Activity:
In the listing that follows, find the line with "Rural Ridge Yinzylvania - Yinzylvania", then copy exactly from it through the line with "Porsche 911 Turbo", leaving out every picture.

Material for this task:
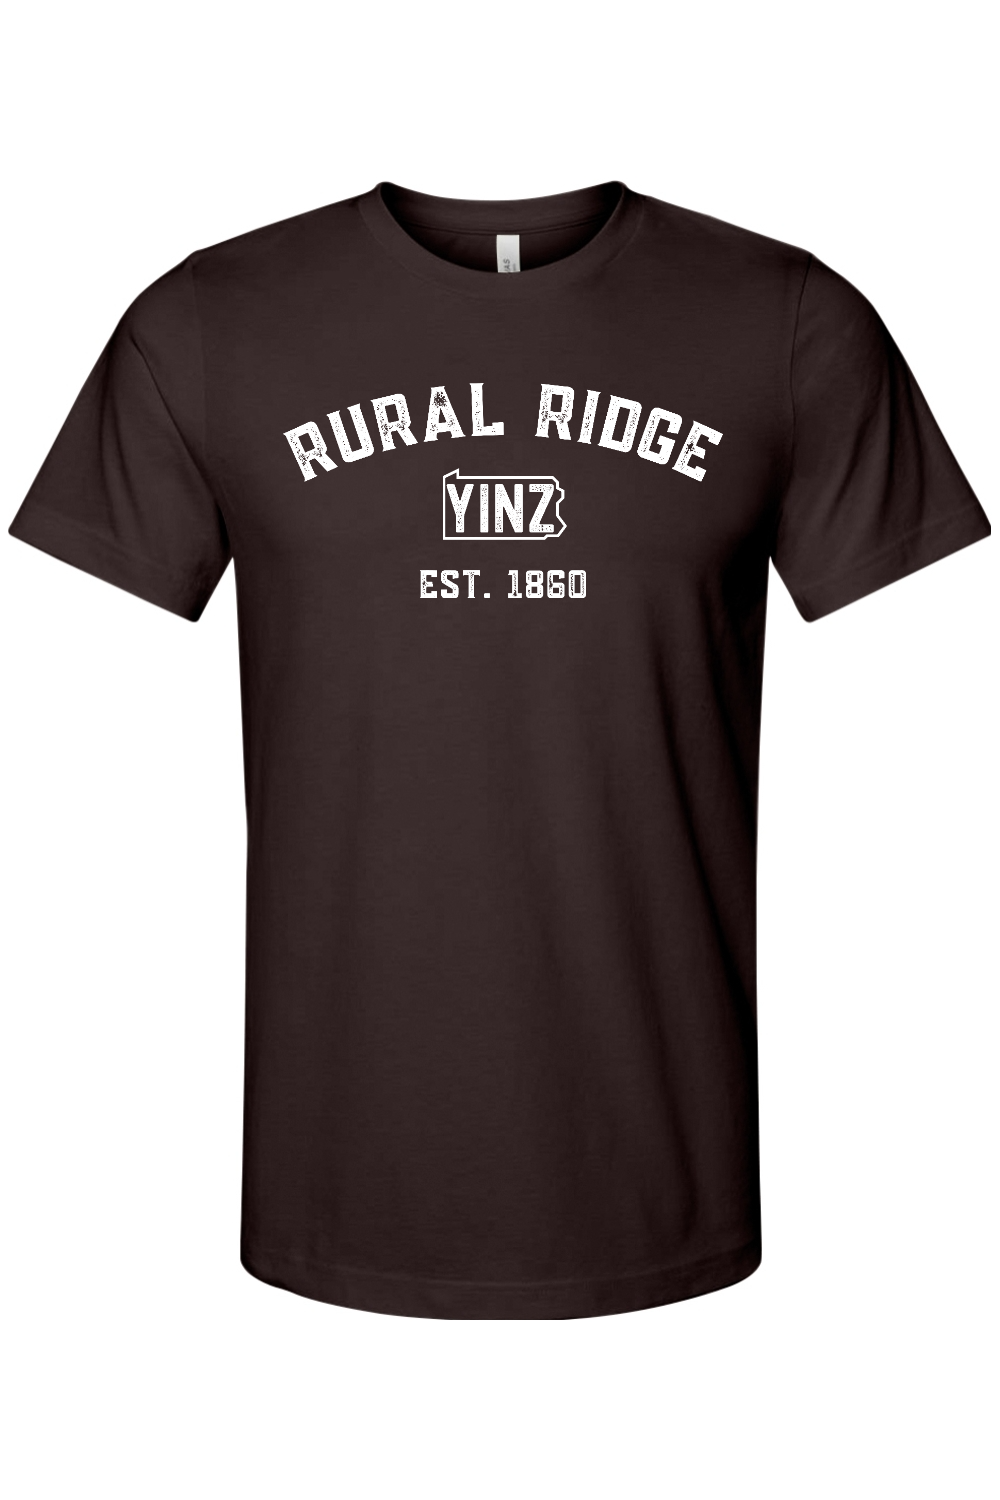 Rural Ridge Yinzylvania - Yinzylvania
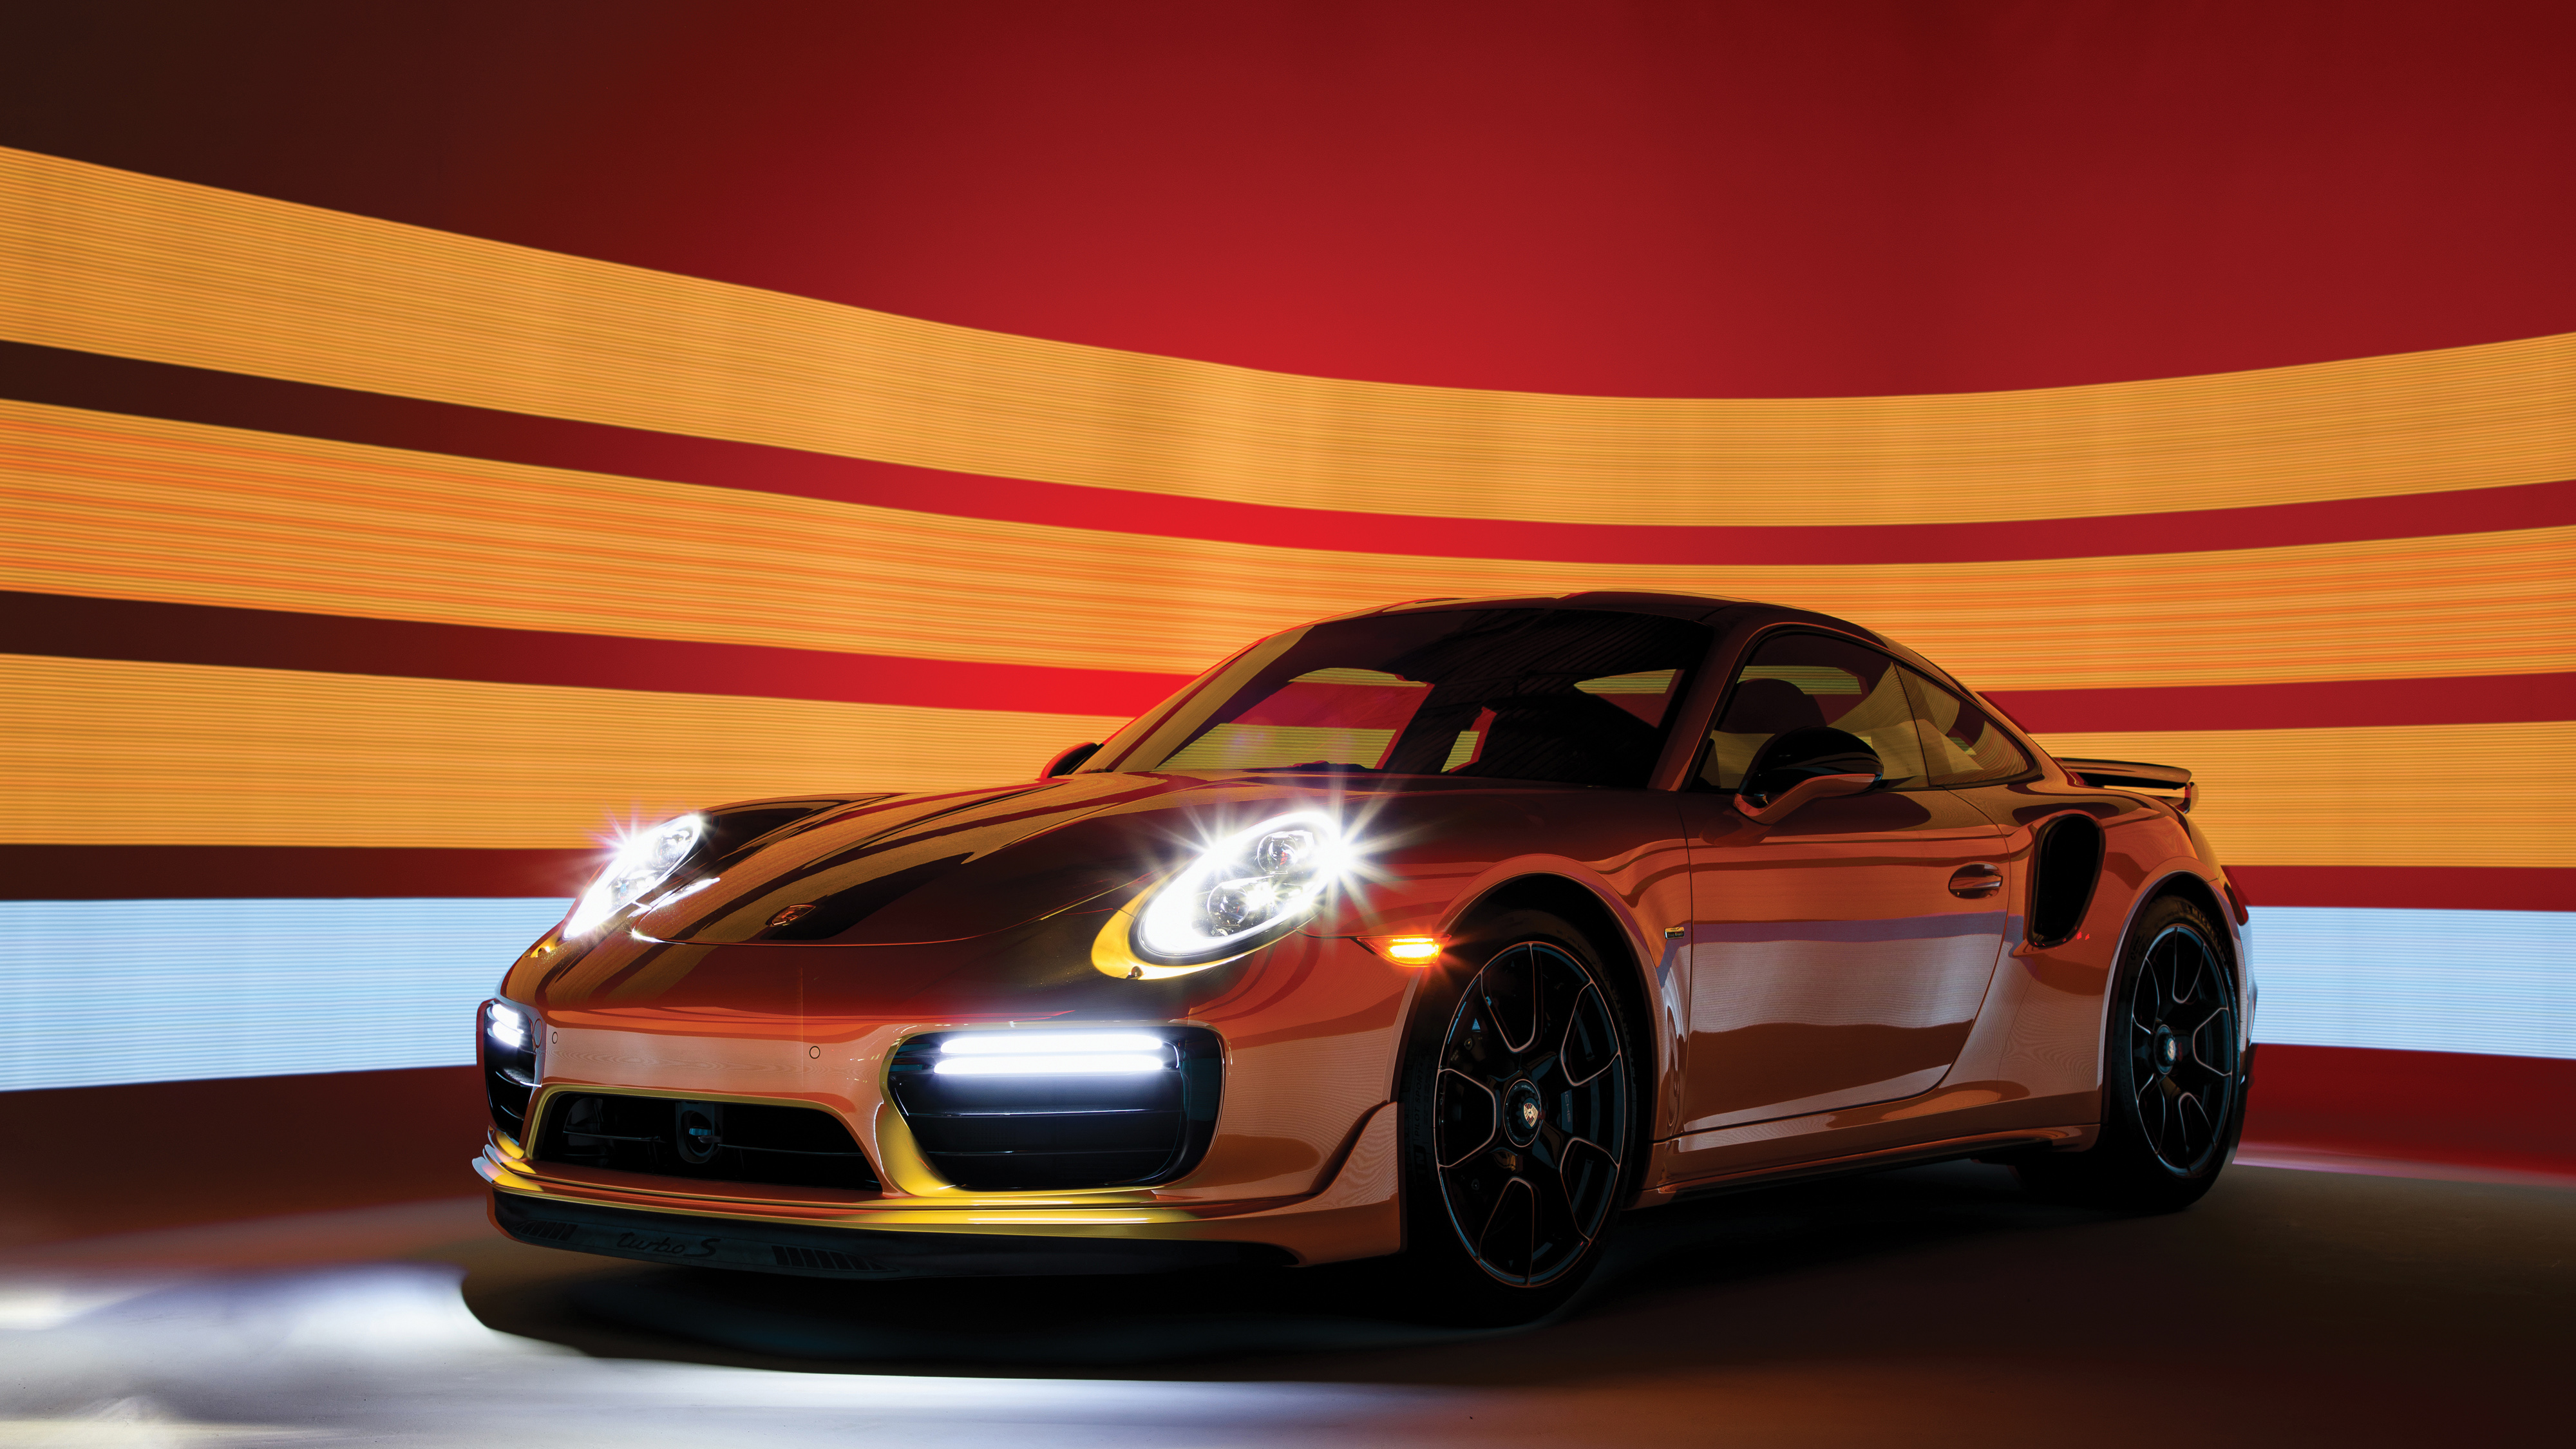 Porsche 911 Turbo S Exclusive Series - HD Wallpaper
==
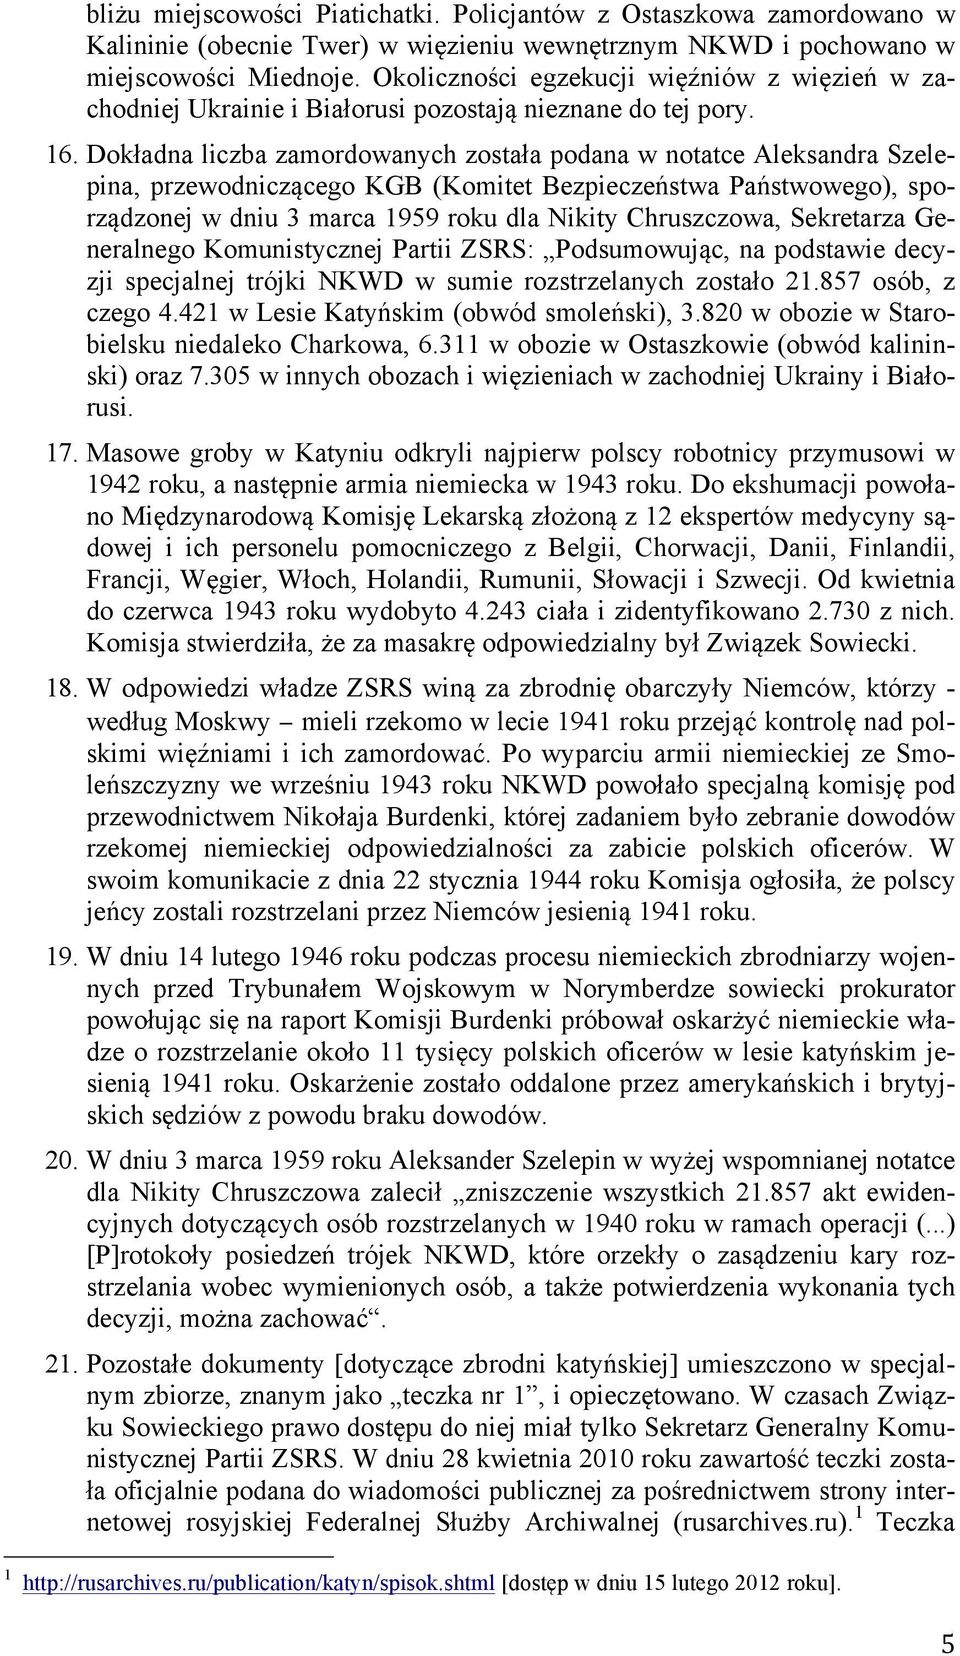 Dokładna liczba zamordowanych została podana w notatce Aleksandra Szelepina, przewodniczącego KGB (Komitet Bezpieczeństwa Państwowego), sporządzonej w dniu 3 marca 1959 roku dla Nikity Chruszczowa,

Answer section:
 Rural Ridge Yinzylvania - Yinzylvania
 Porsche 911 Turbo S Exclusive Series - HD Wallpaper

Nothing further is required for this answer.